However, the relevant improvement of the new Machine Learning methods lies in the bias of the energy reconstruction. In this respect, it is worth mentioning that the standard tools used to compute the high-level performance include an energy bias correction routine. This routine uses a polynomial fit of the projection along the reconstructed energy of the energy migration matrix to correct the reconstructed energy of the events. This routine is applied by default in order to provide high-level performance as that is affected as little as possible by energy reconstruction biases. However, the desirability of having a method that performs as well as possible in terms of energy bias prior to the application of this correction is a very important point for the analysis, especially with a view to the analysis of real data. Figure 17 show the on-axis point-like source energy bias achieved with A-SciSoft methods (blue points) and the best Machine Learning methods investigated in this work (orange points), before and after the application of the bias correction. From the plot on the left, it is evident that the new Machine Learning methods are much more effective, providing less bias in the energy reconstruction than the standard method currently implemented in A-SciSoft.
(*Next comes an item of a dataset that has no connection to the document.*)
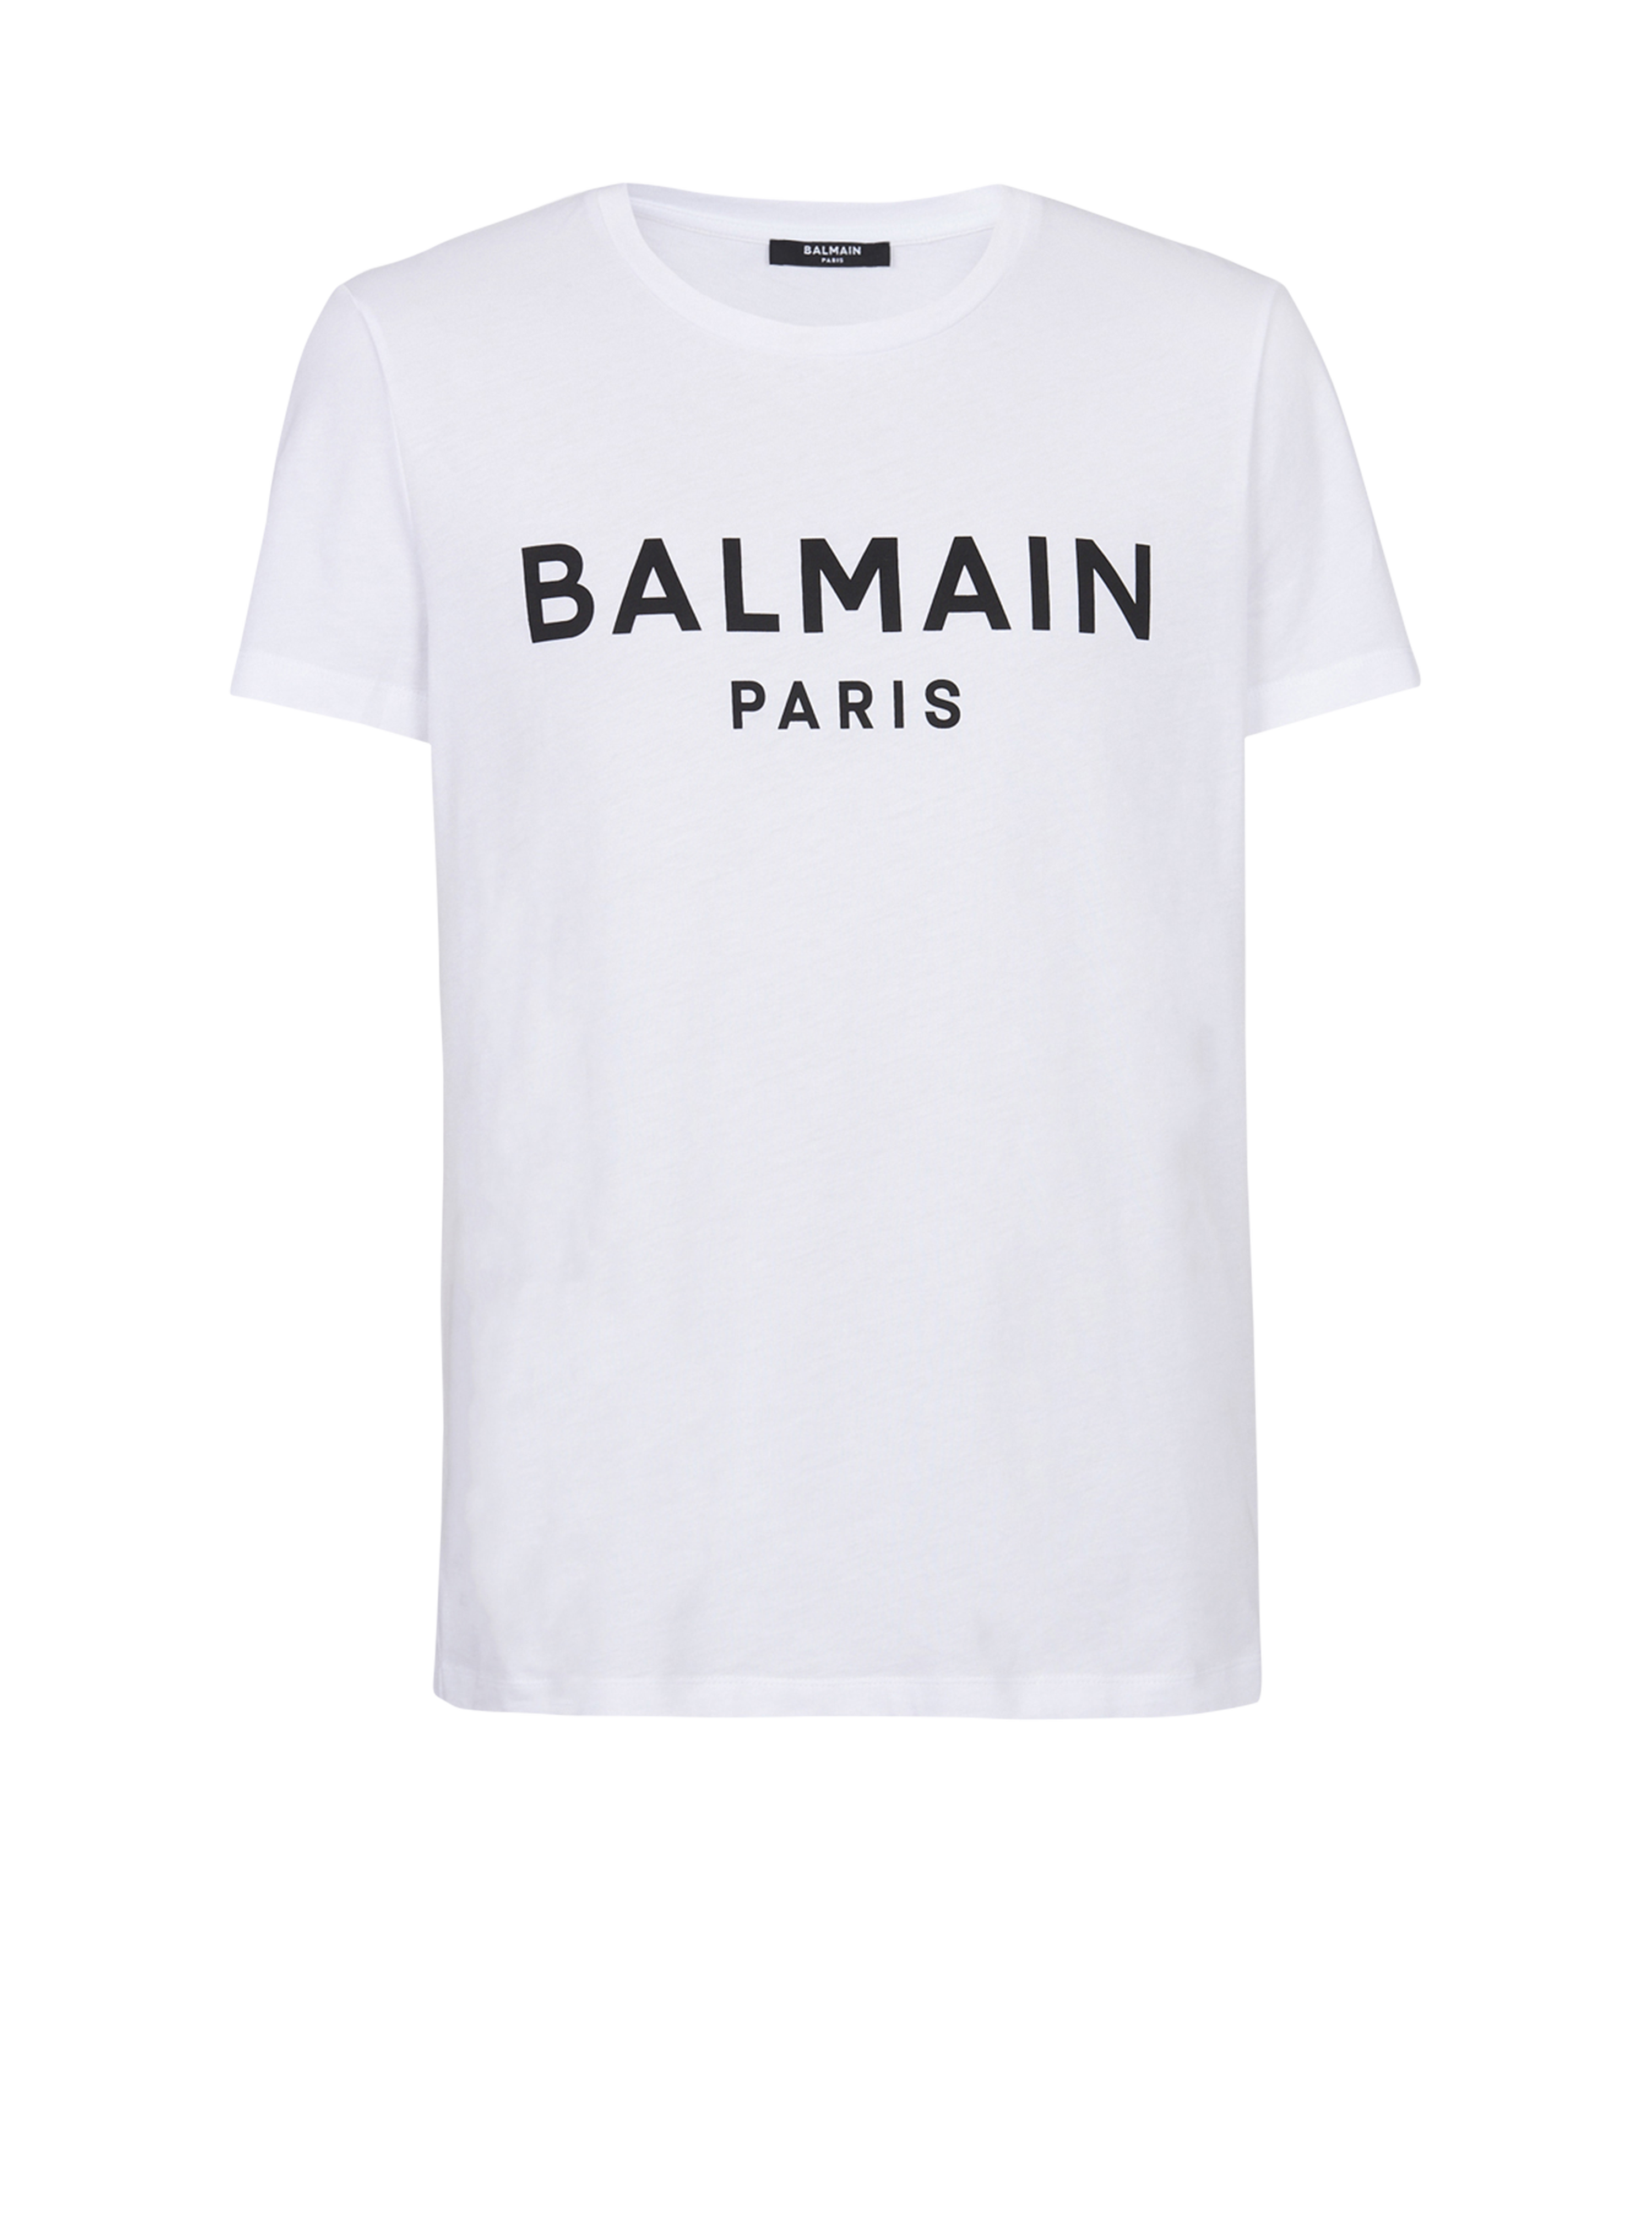 T-shirt in cotone con logo Balmain Paris, bianco

It should be noted that the energy resolution curves shown in Figure 12 and Figure 13 were obtained prior to any application of an energy bias (and without considering optimized cuts for each analysis) and therefore show different behavior from that which is shown in Figure 17

10. Discussion

In this work, we have investigated novel Machine Learning techniques distinct from the existing methods implemented in A-SciSoft, the official data reduction and analysis software of the ASTRI project, and showed the effectiveness of their application on simulated ASTRI Mini-Array data.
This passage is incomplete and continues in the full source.